§ EXERCISE GOAL:
For this exercise, restate word for word only the lines from the one containing "traditional parade in Doha, Qatar" through the last line below. Pictures do not get copied.

━━━ AVAILABLE DATA

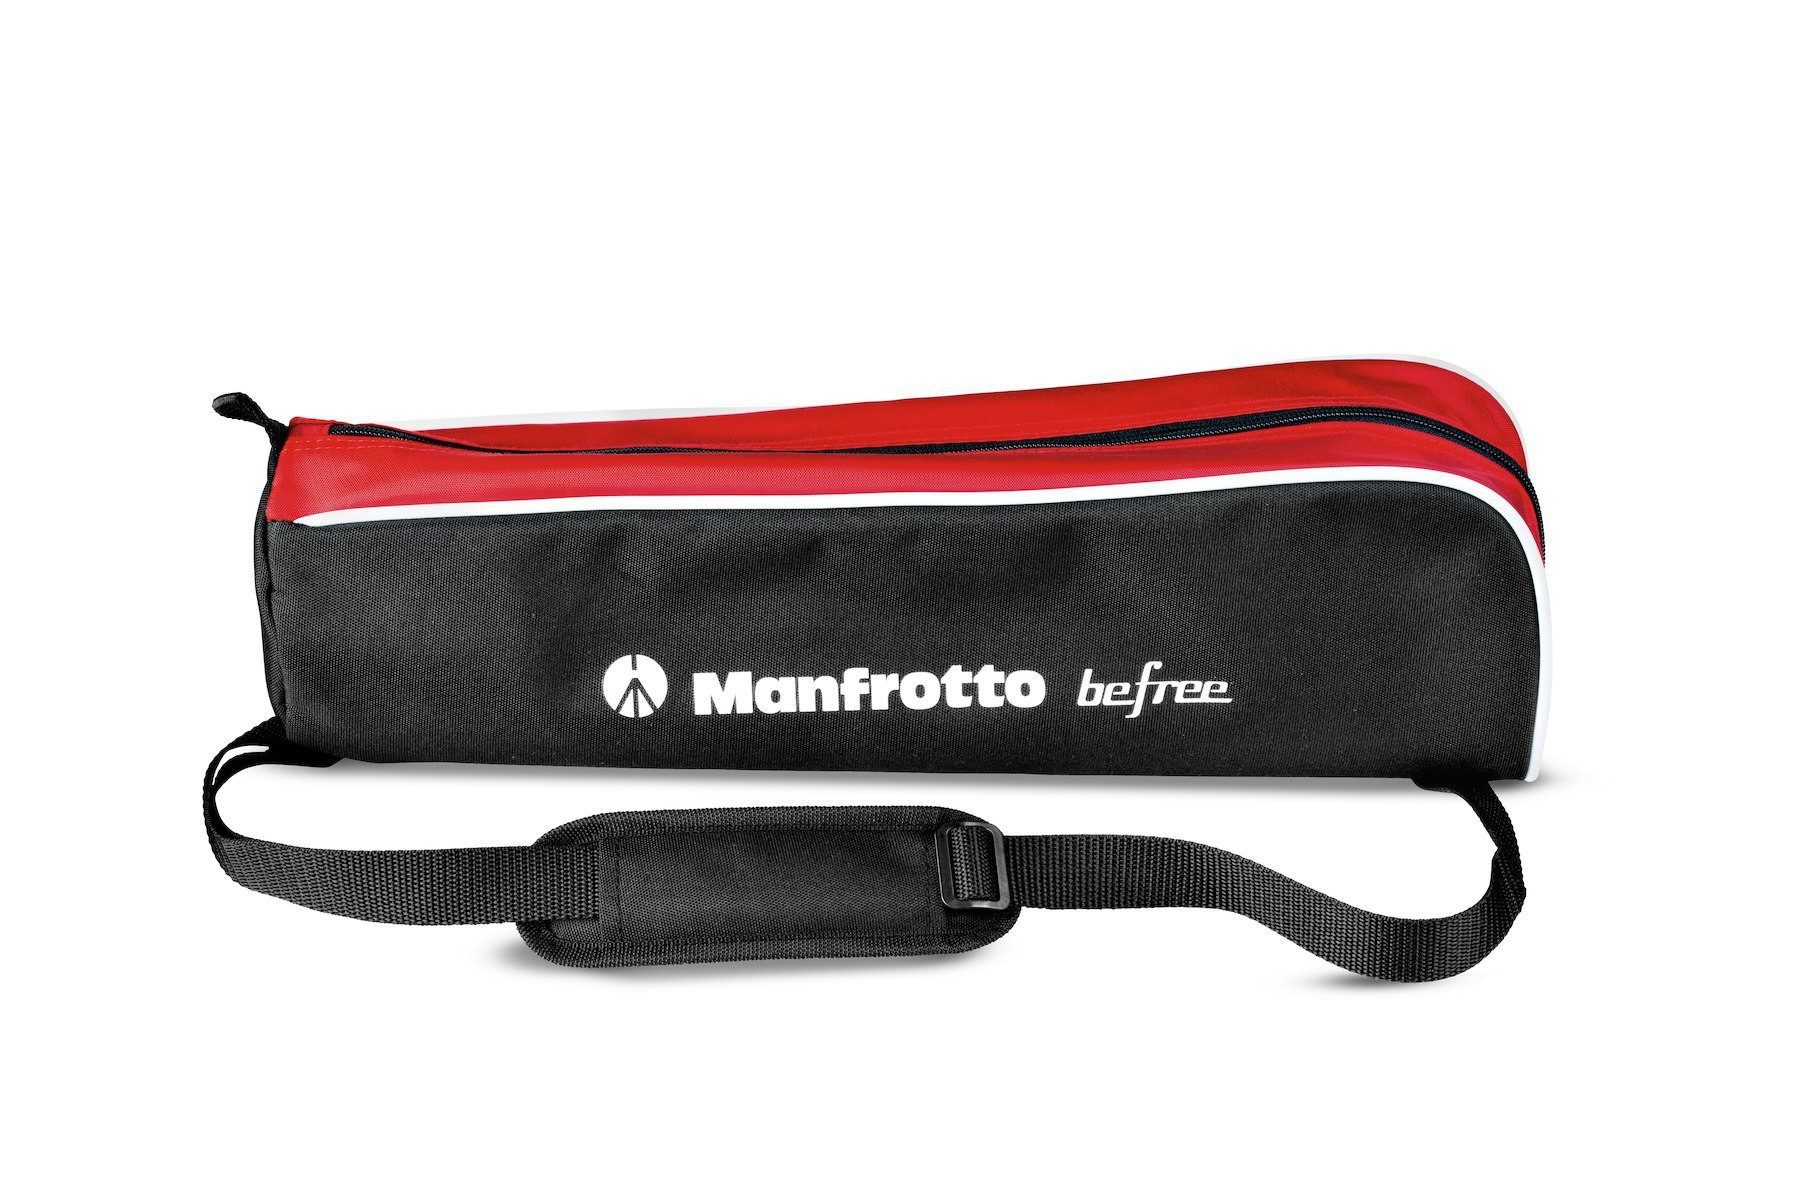 Manfrotto Befree Advanced Aluminum Travel Tripod lever, ball head
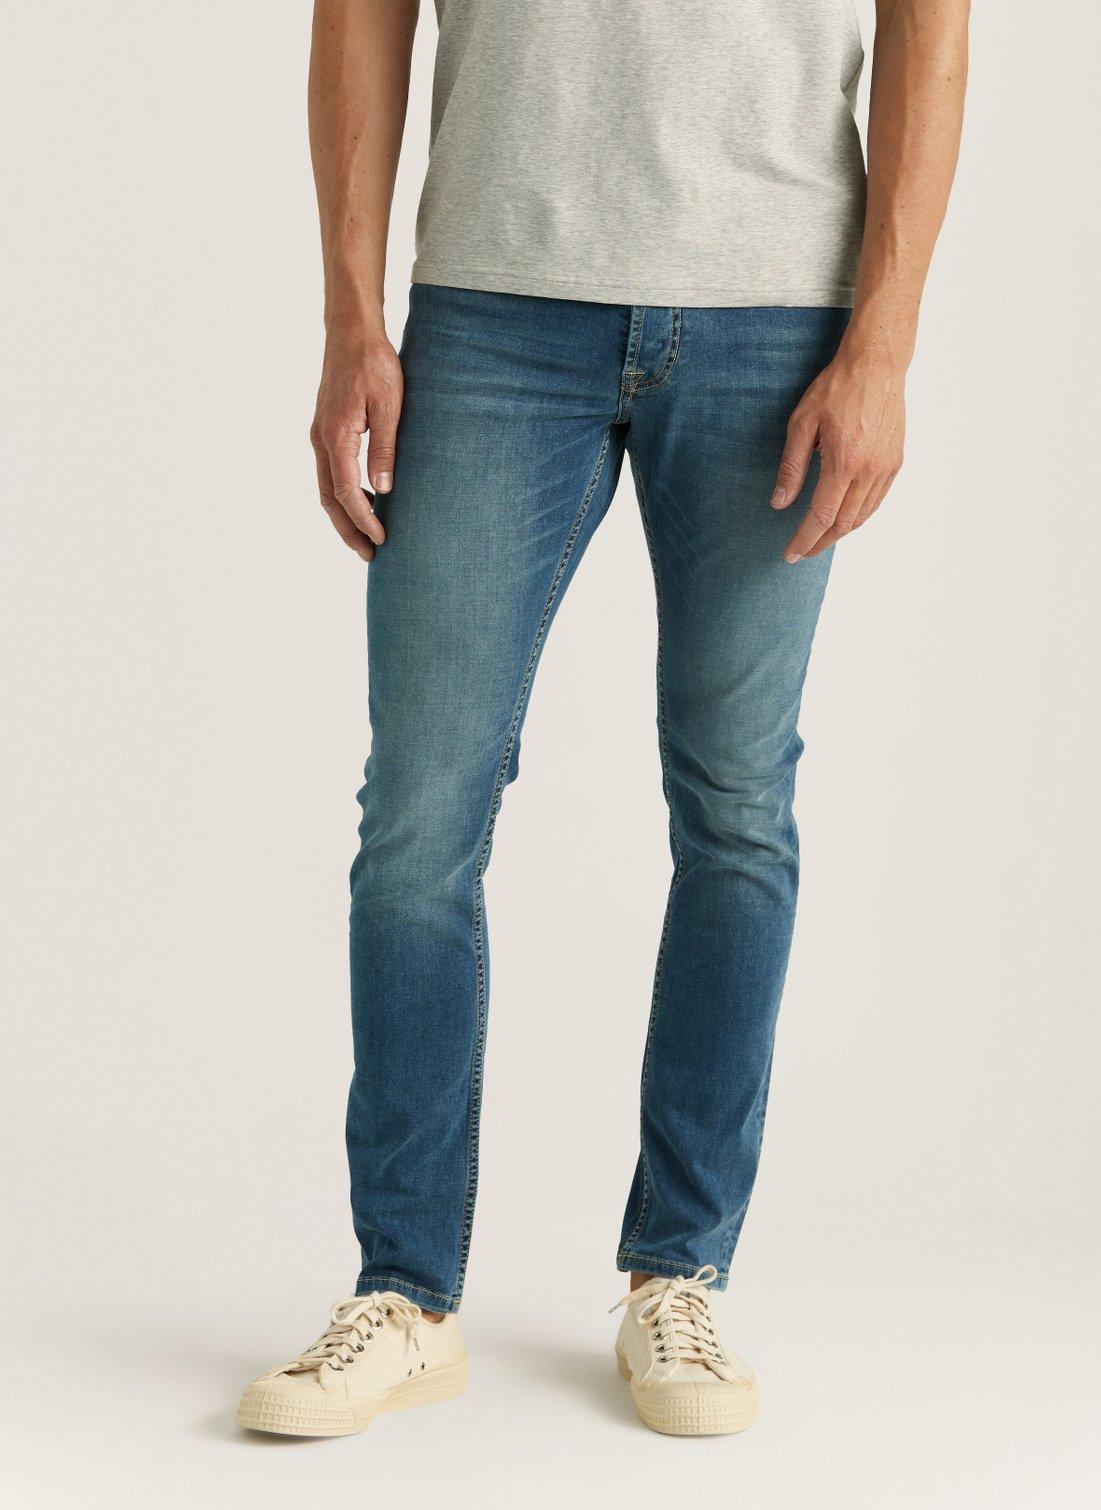 Steve Satin Jeans
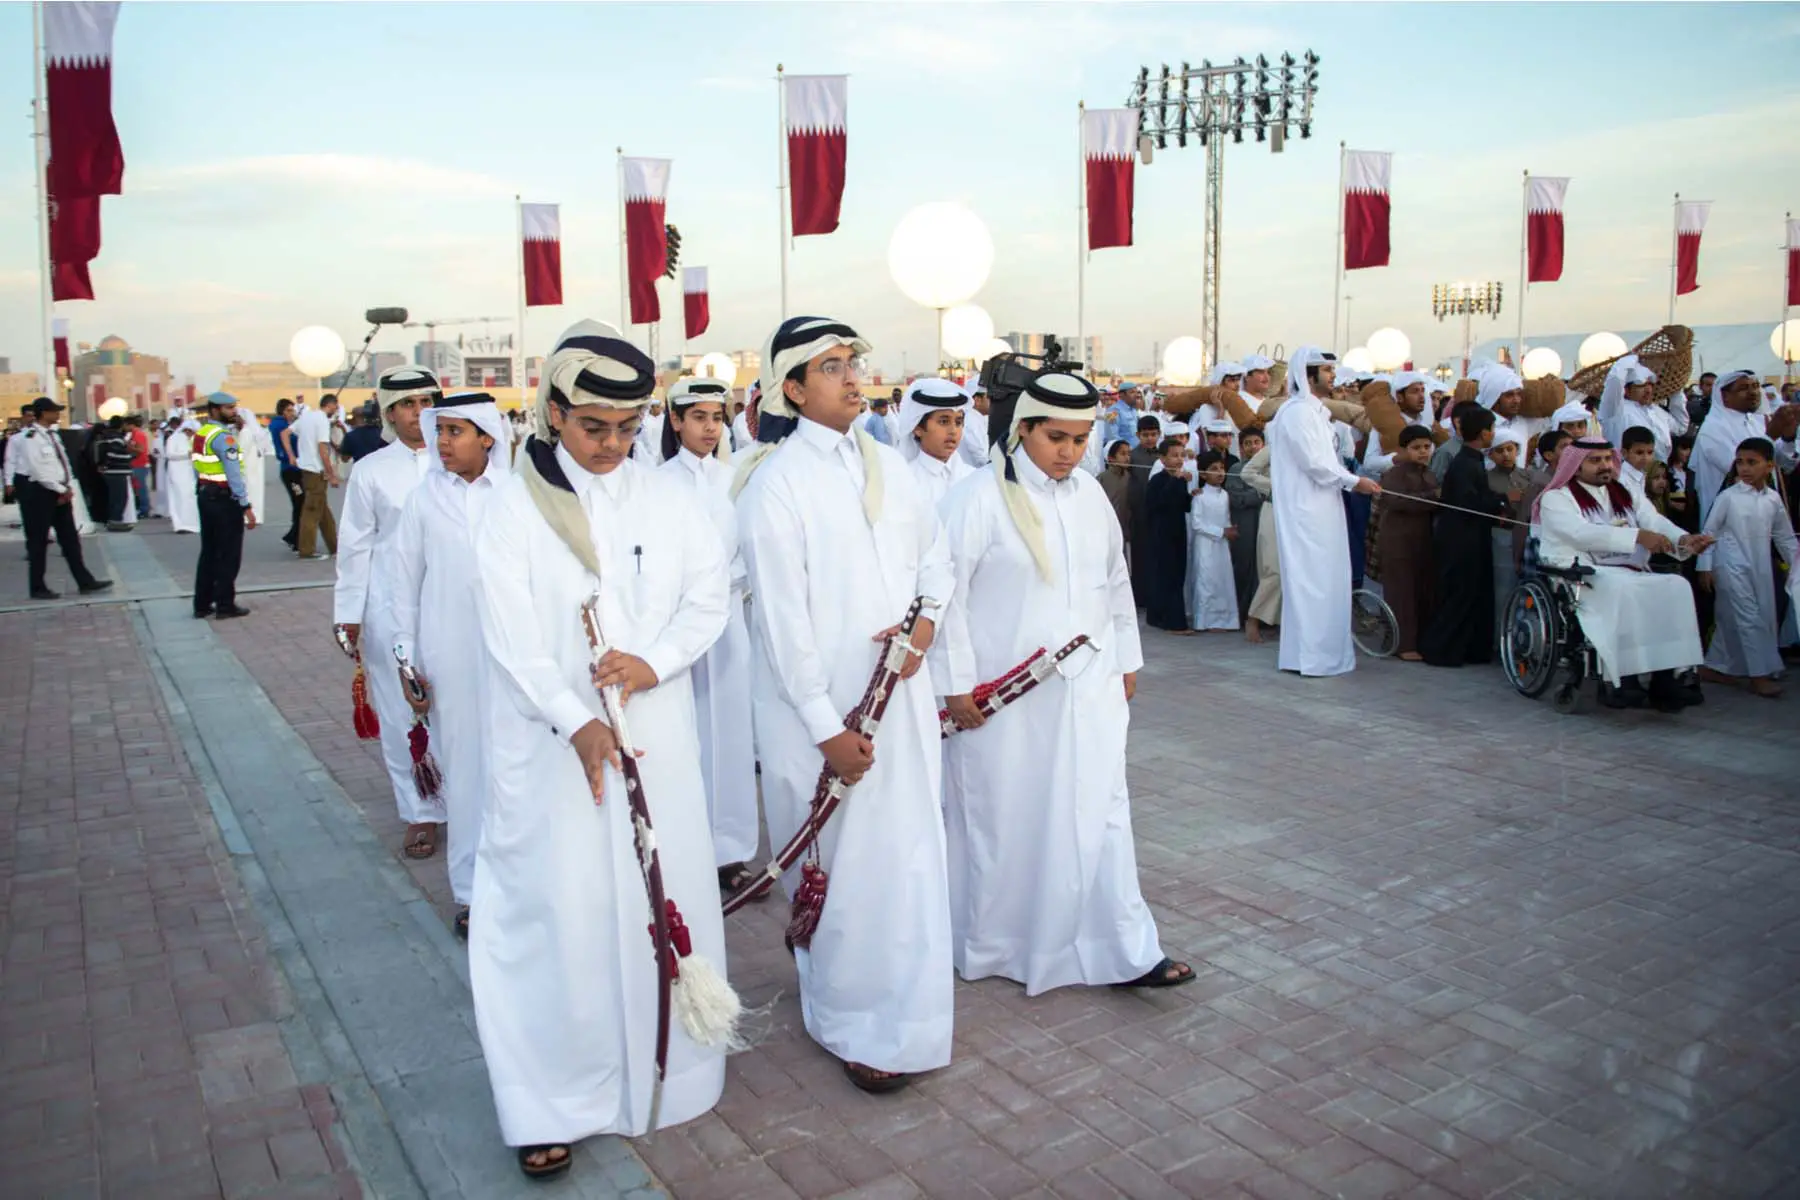 traditional parade in Doha, Qatar
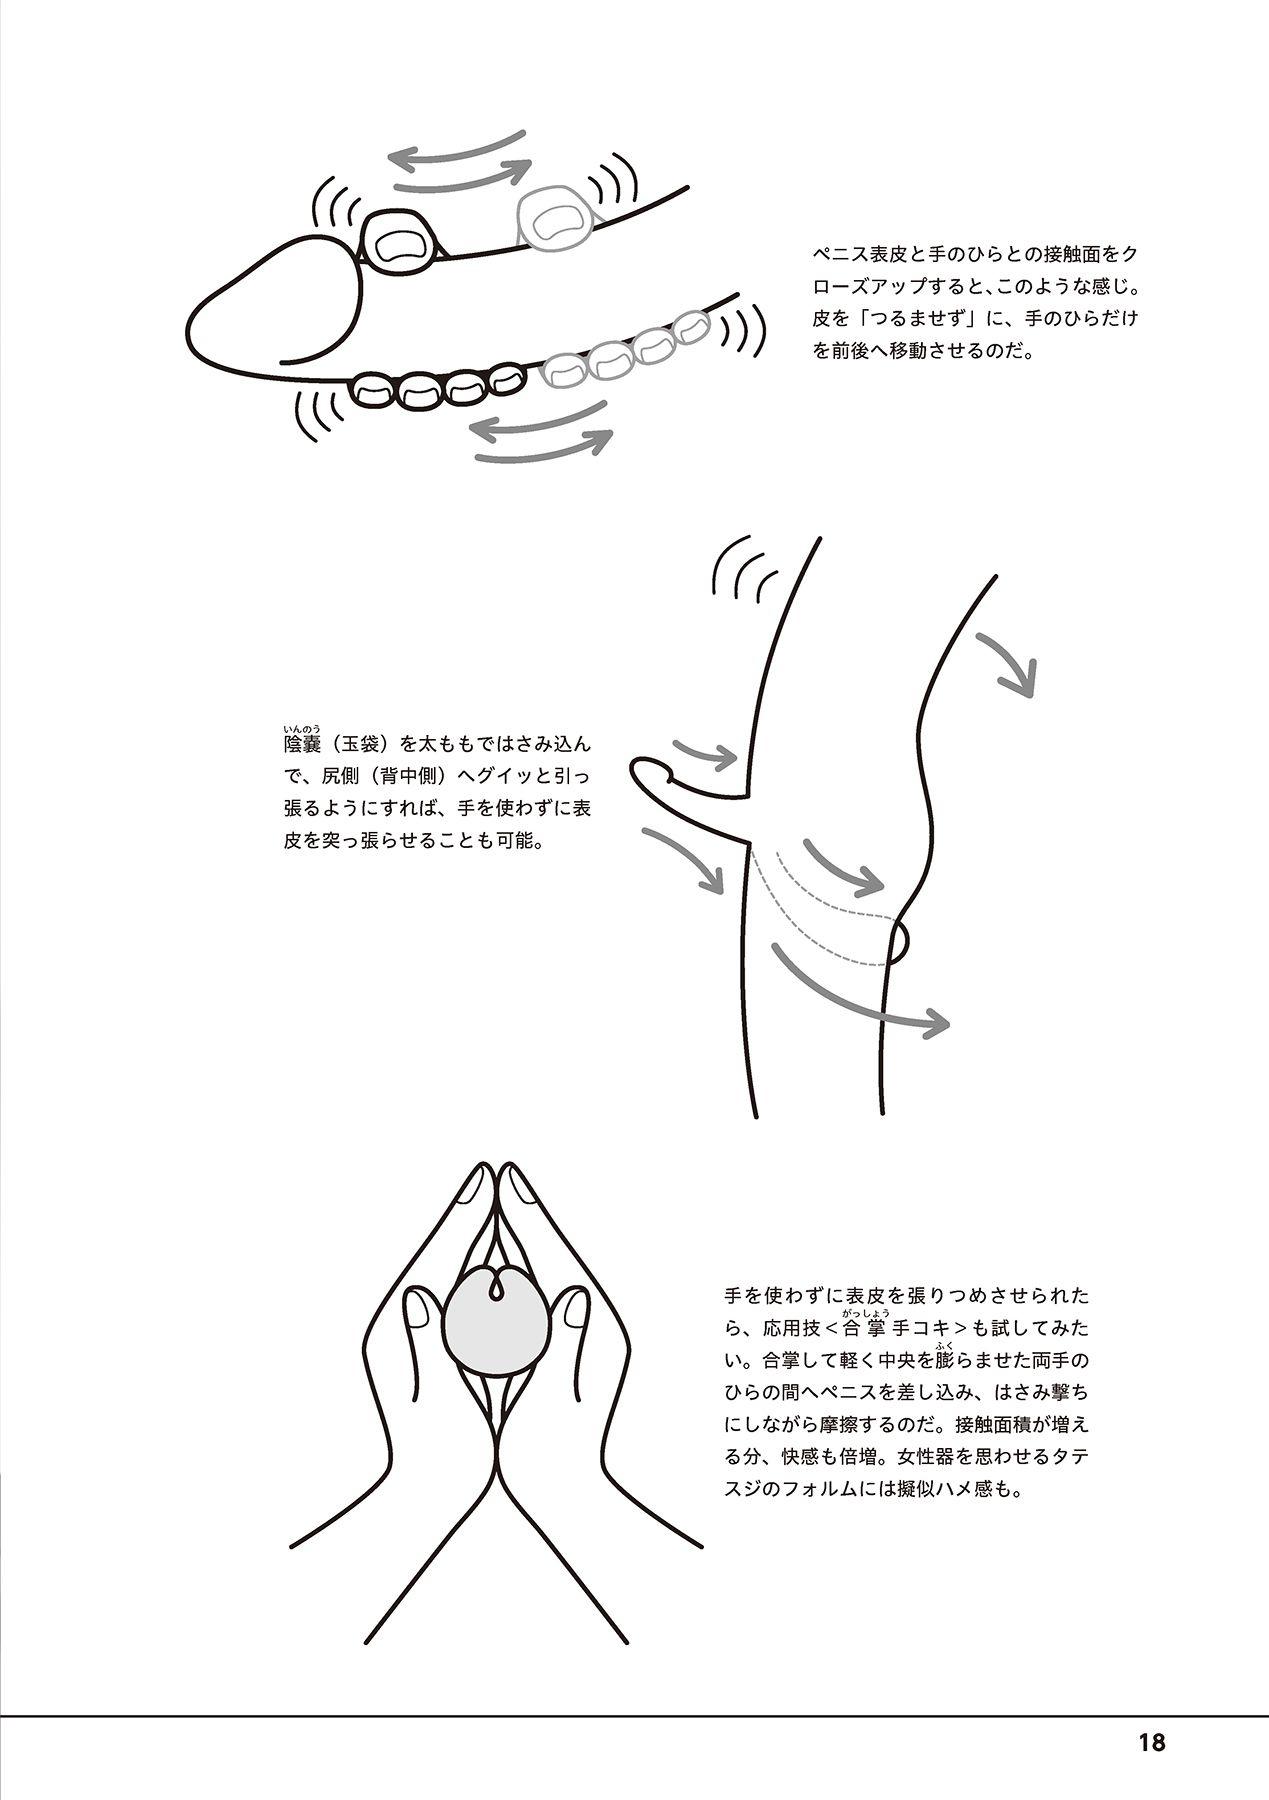 Otoko no Jii Onanie Kanzen Manual Illustration Han...... Onanie Play 19

━━━━━━

§ RESULT OF THIS TASK:
 traditional parade in Doha, Qatar
 Otoko no Jii Onanie Kanzen Manual Illustration Han...... Onanie Play 19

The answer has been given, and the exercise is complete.